COLLECTED MATERIAL —

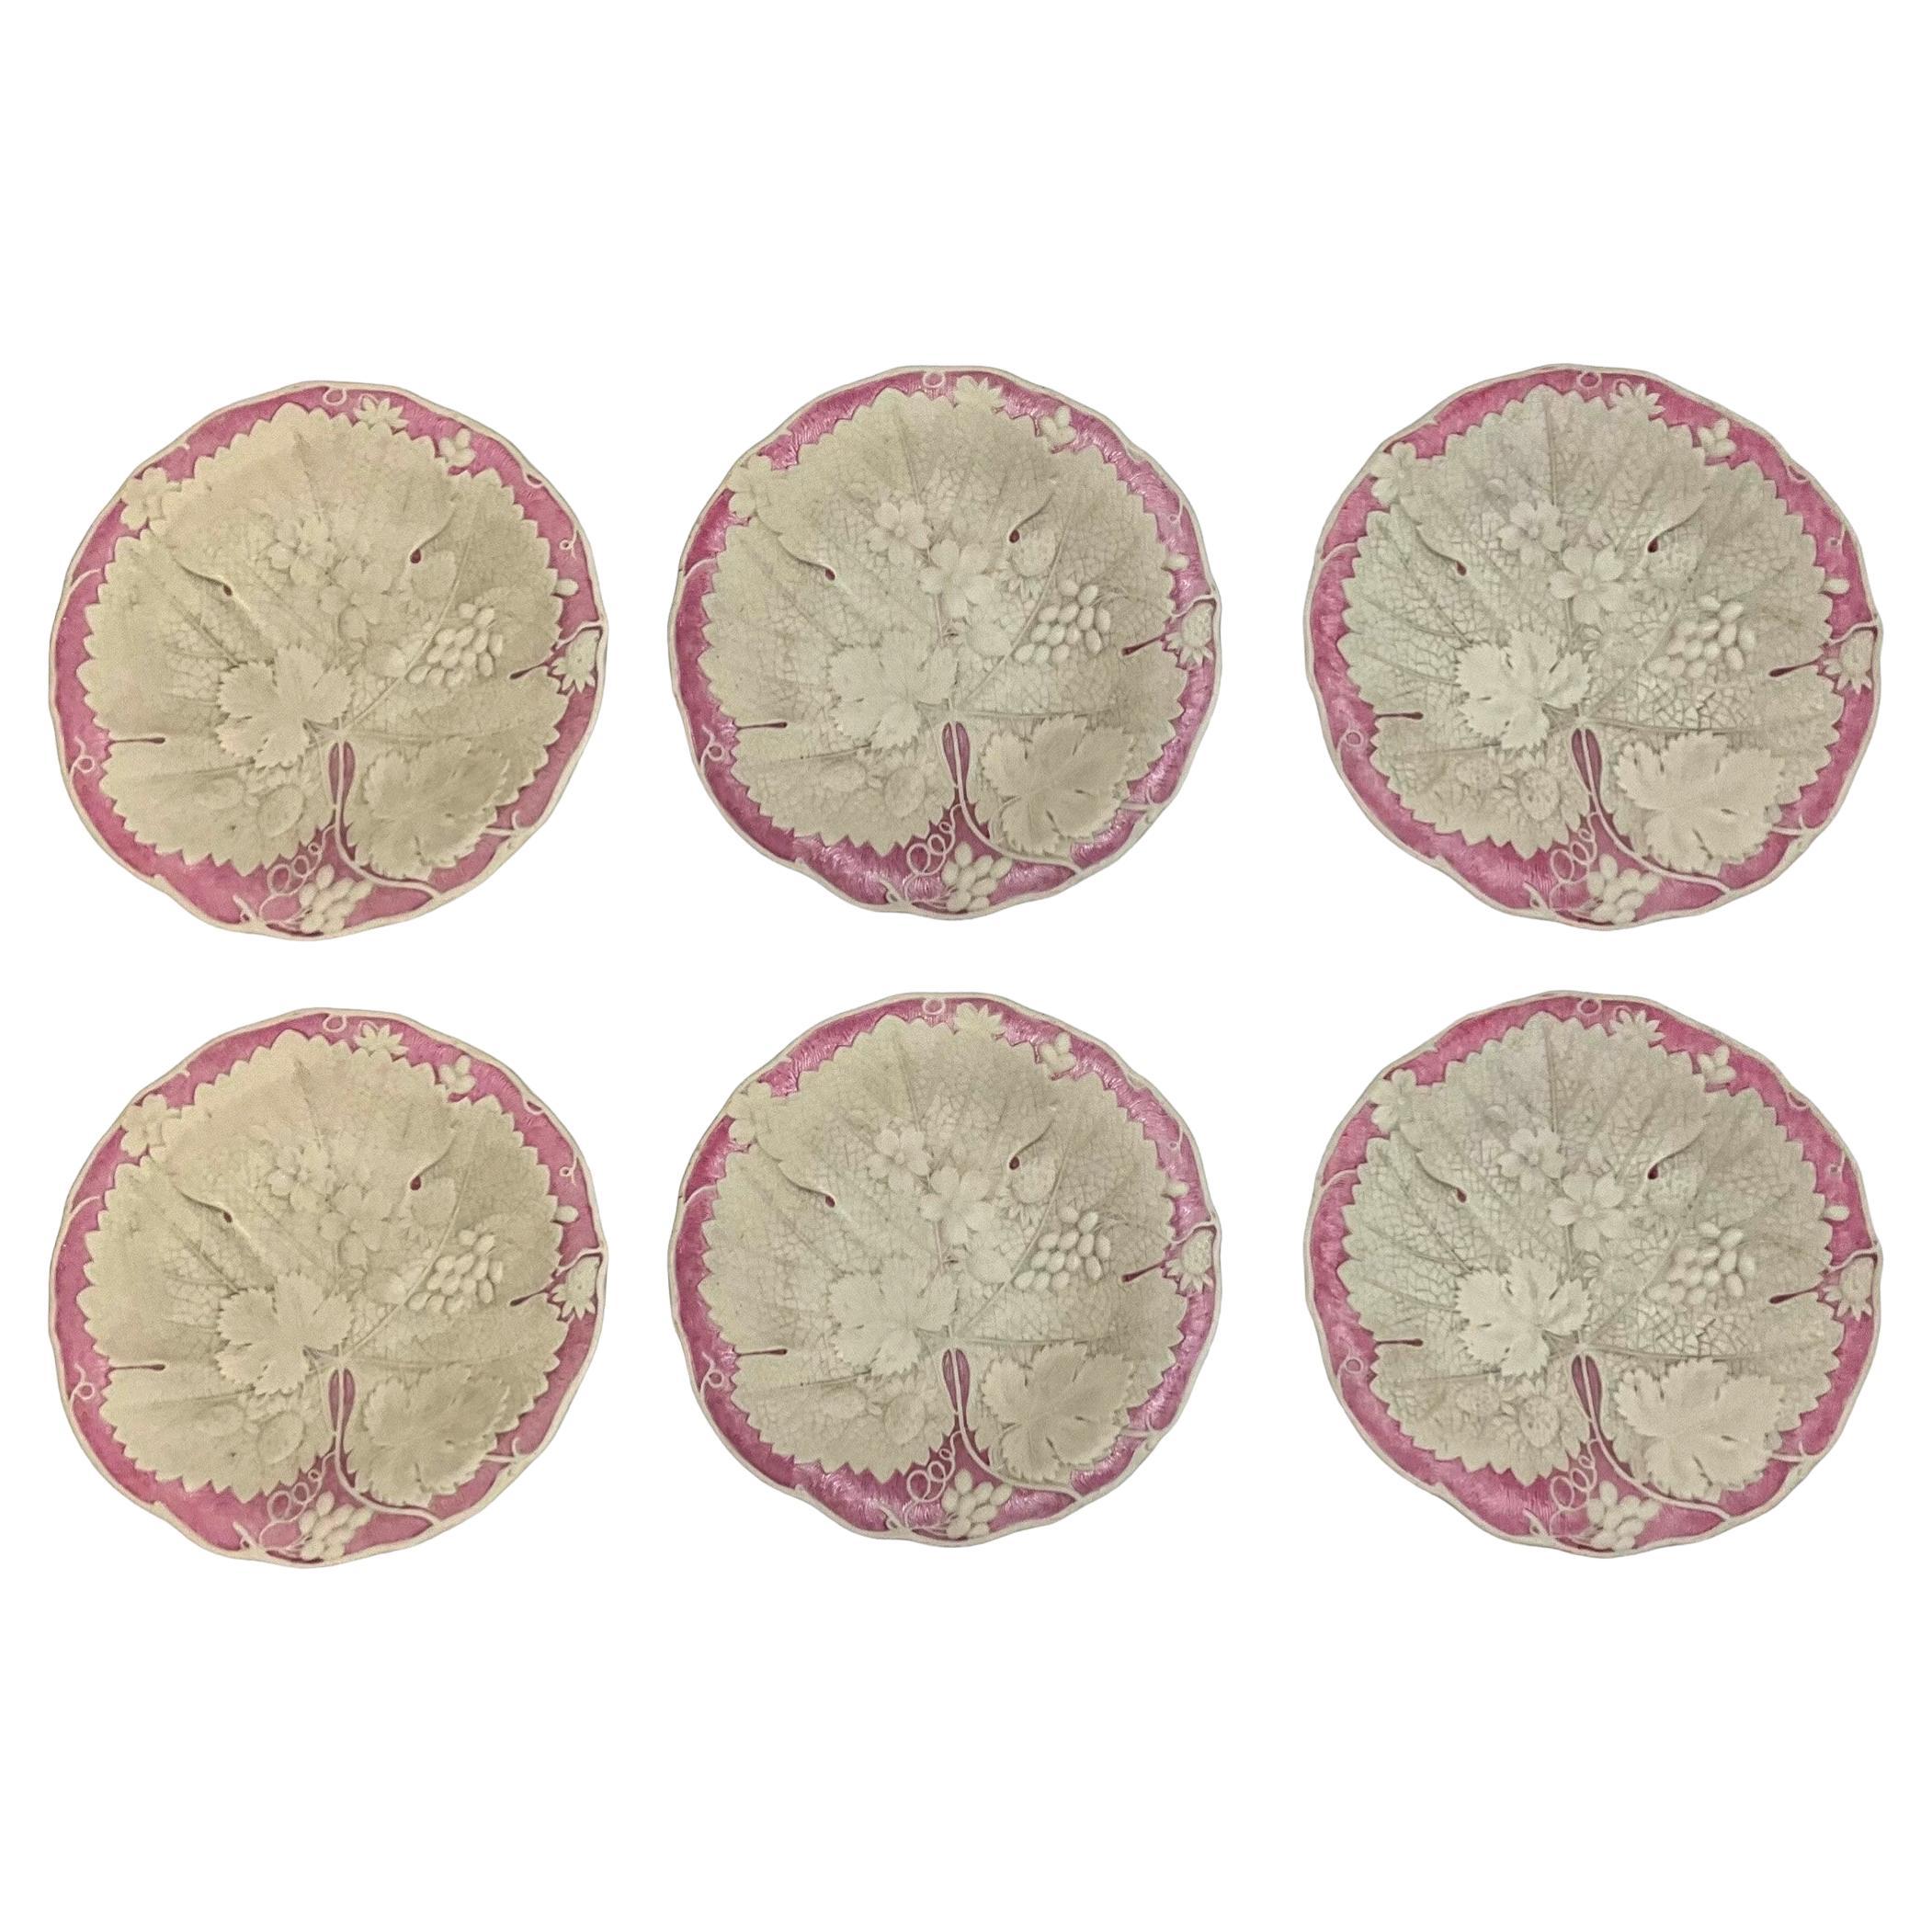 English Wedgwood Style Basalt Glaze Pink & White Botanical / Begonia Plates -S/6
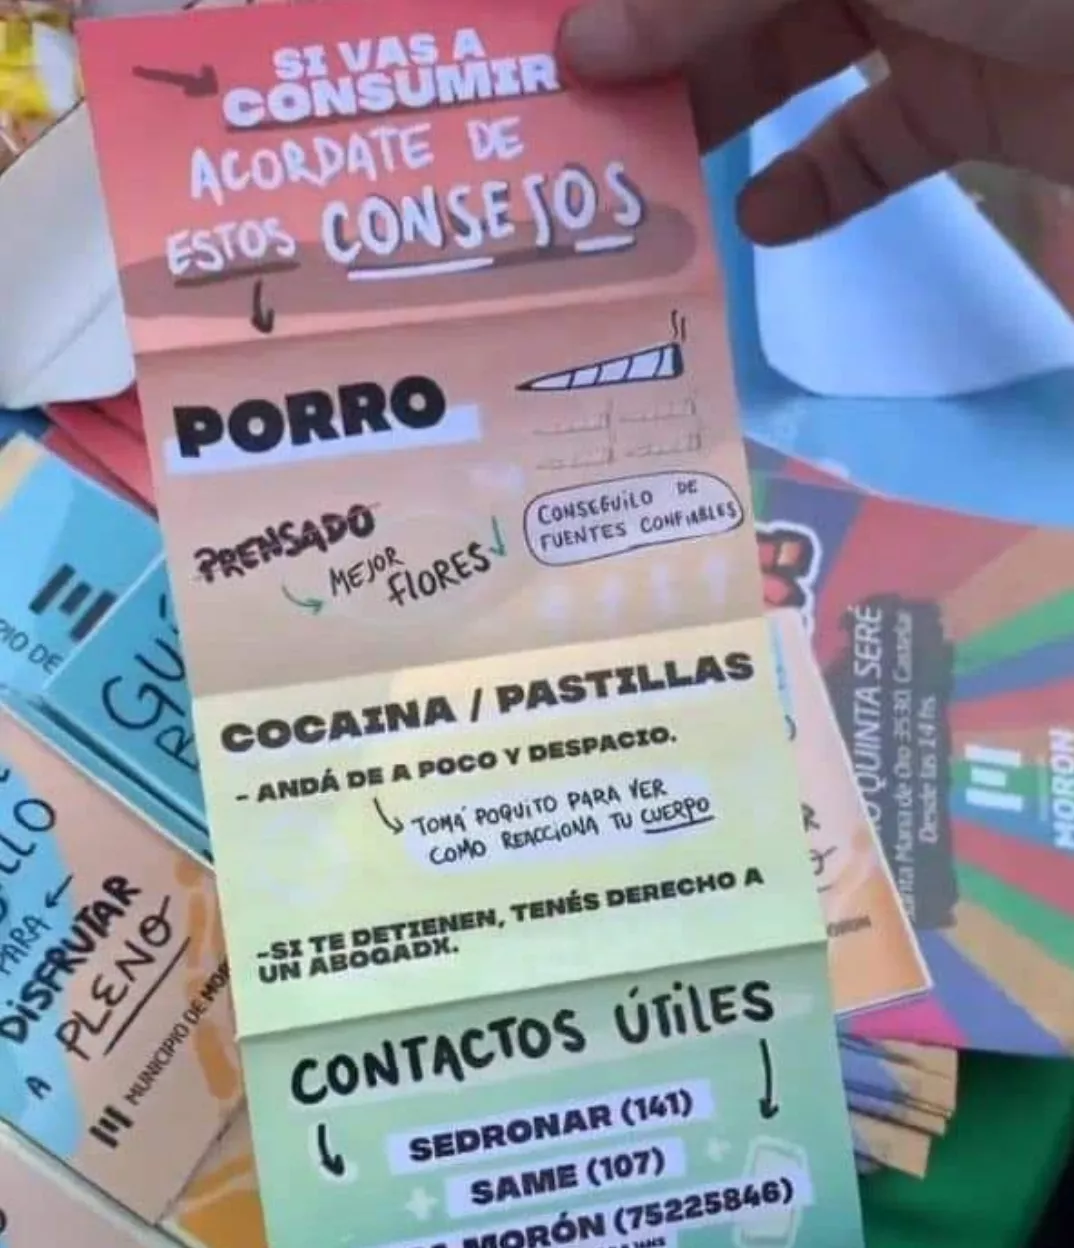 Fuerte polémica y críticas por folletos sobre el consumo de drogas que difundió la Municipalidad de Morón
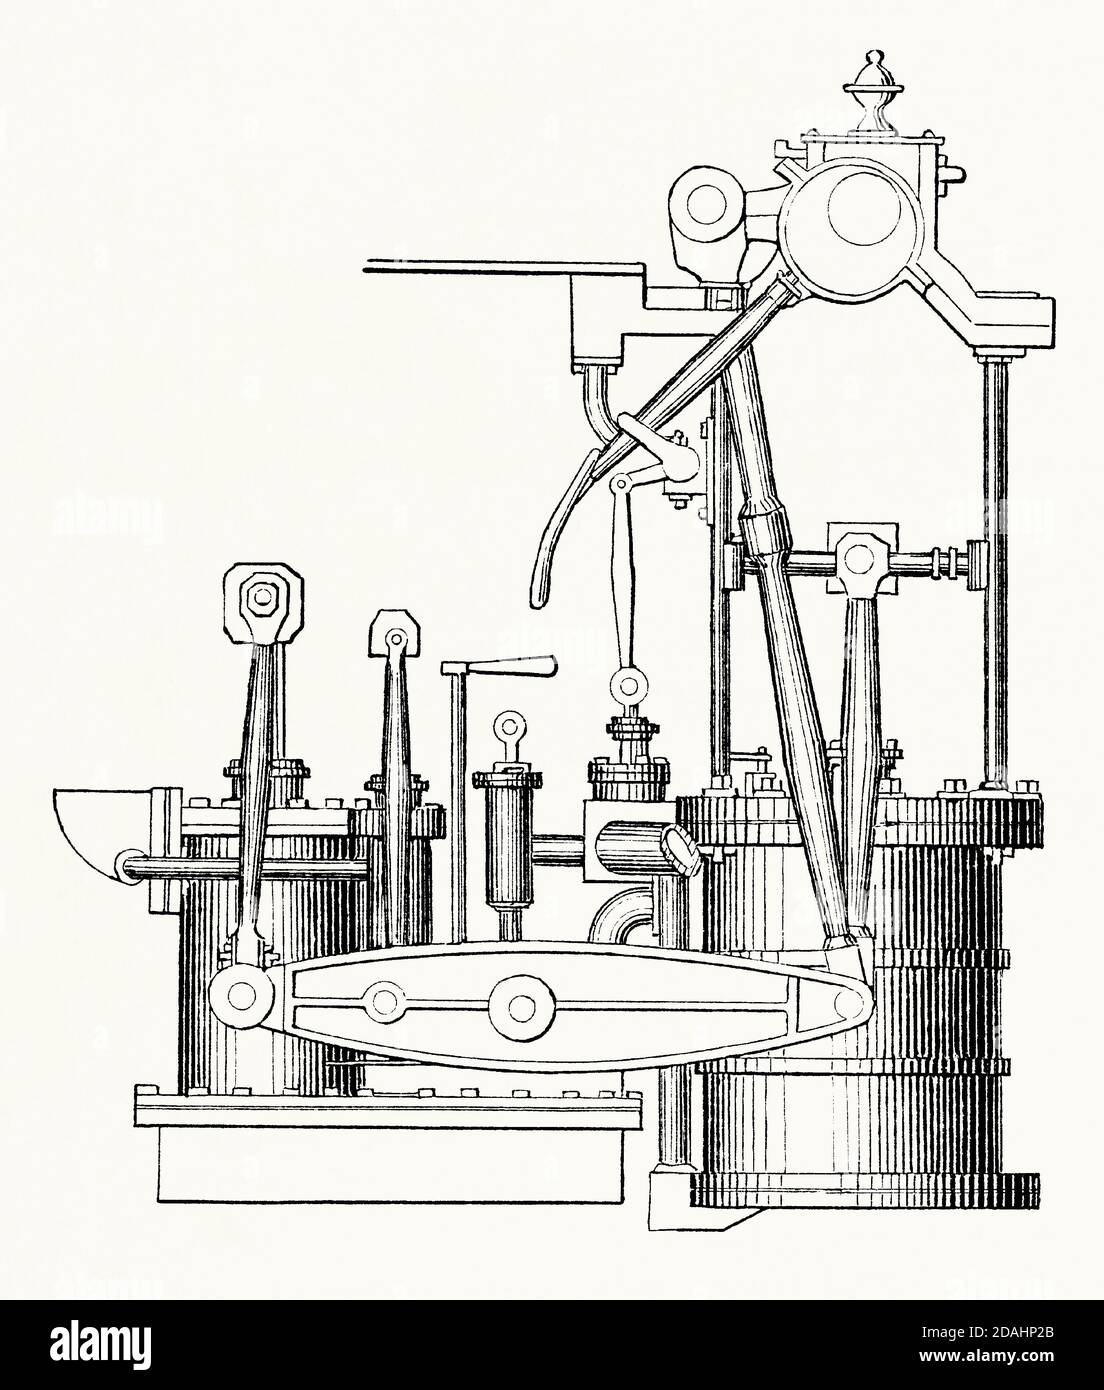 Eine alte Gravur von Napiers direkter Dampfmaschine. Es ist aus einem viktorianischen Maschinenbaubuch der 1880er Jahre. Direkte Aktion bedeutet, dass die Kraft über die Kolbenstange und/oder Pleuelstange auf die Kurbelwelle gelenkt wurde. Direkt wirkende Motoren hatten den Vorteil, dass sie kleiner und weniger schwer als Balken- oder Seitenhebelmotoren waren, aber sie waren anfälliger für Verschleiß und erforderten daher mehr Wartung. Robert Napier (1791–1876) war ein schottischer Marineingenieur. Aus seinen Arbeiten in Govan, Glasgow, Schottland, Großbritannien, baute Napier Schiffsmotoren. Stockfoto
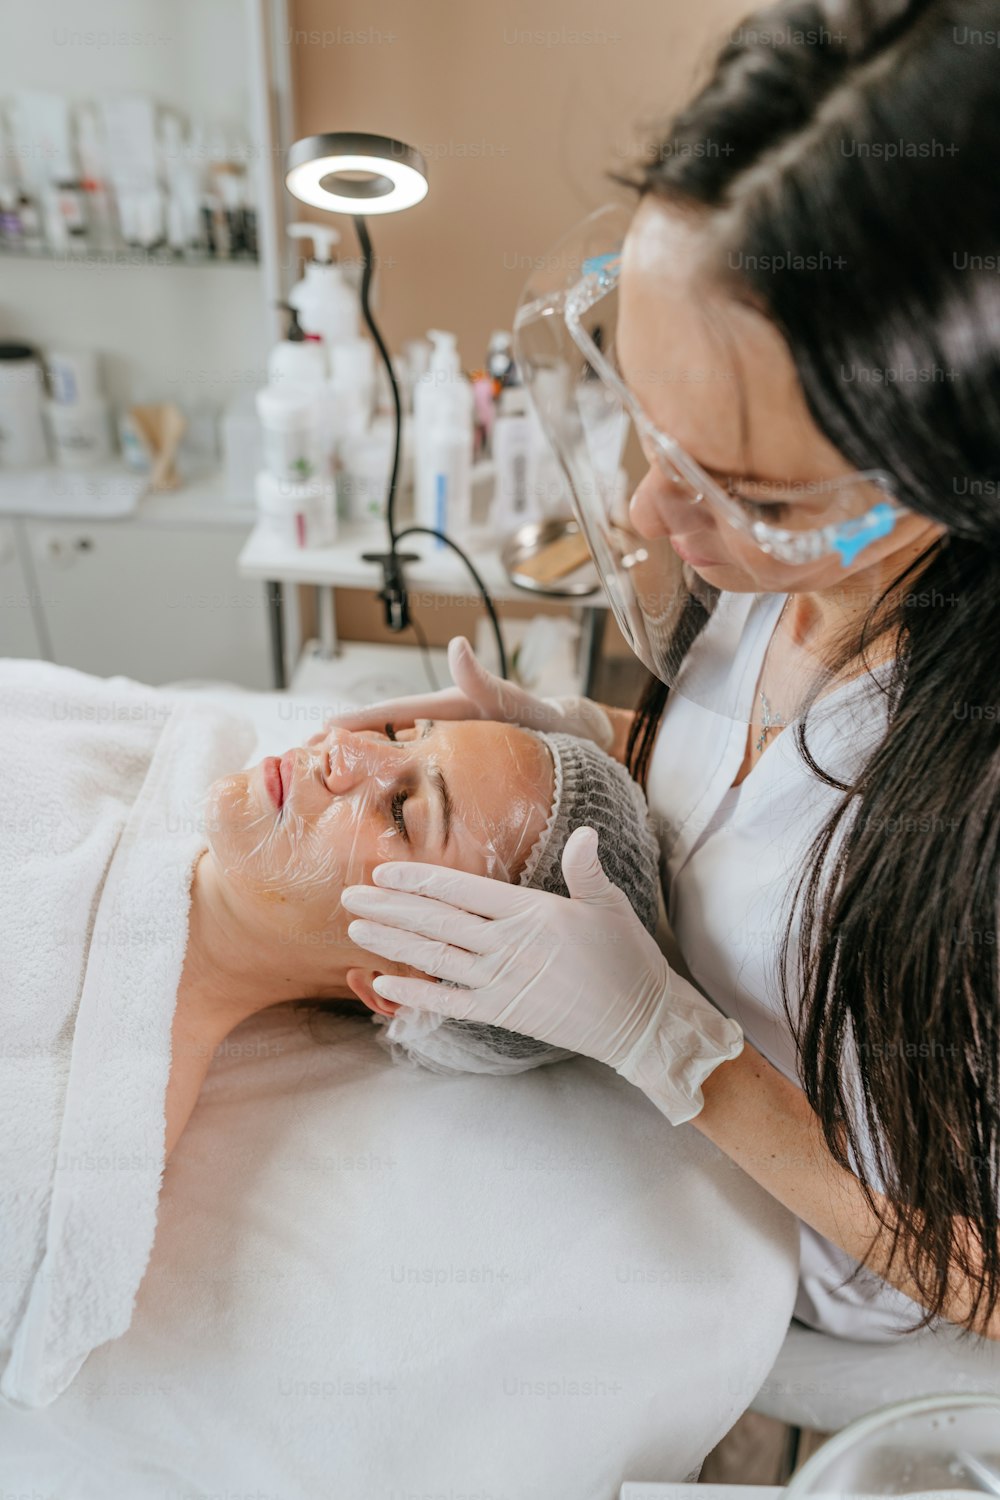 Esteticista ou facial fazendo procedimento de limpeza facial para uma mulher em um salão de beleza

PROMPT —
Print every line of the data exactly. Pictures do not belong in the copy.

WRITTEN SOLUTION —
 English Wedgwood Style Basalt Glaze Pink & White Botanical / Begonia Plates -S/6
 Fuerte polémica y críticas por folletos sobre el consumo de drogas que difundió la Municipalidad de Morón
 Eine alte Gravur von Napiers direkter Dampfmaschine. Es ist aus einem viktorianischen Maschinenbaubuch der 1880er Jahre. Direkte Aktion bedeutet, dass die Kraft über die Kolbenstange und/oder Pleuelstange auf die Kurbelwelle gelenkt wurde. Direkt wirkende Motoren hatten den Vorteil, dass sie kleiner und weniger schwer als Balken- oder Seitenhebelmotoren waren, aber sie waren anfälliger für Verschleiß und erforderten daher mehr Wartung. Robert Napier (1791–1876) war ein schottischer Marineingenieur. Aus seinen Arbeiten in Govan, Glasgow, Schottland, Großbritannien, baute Napier Schiffsmotoren. Stockfoto
 Esteticista ou facial fazendo procedimento de limpeza facial para uma mulher em um salão de beleza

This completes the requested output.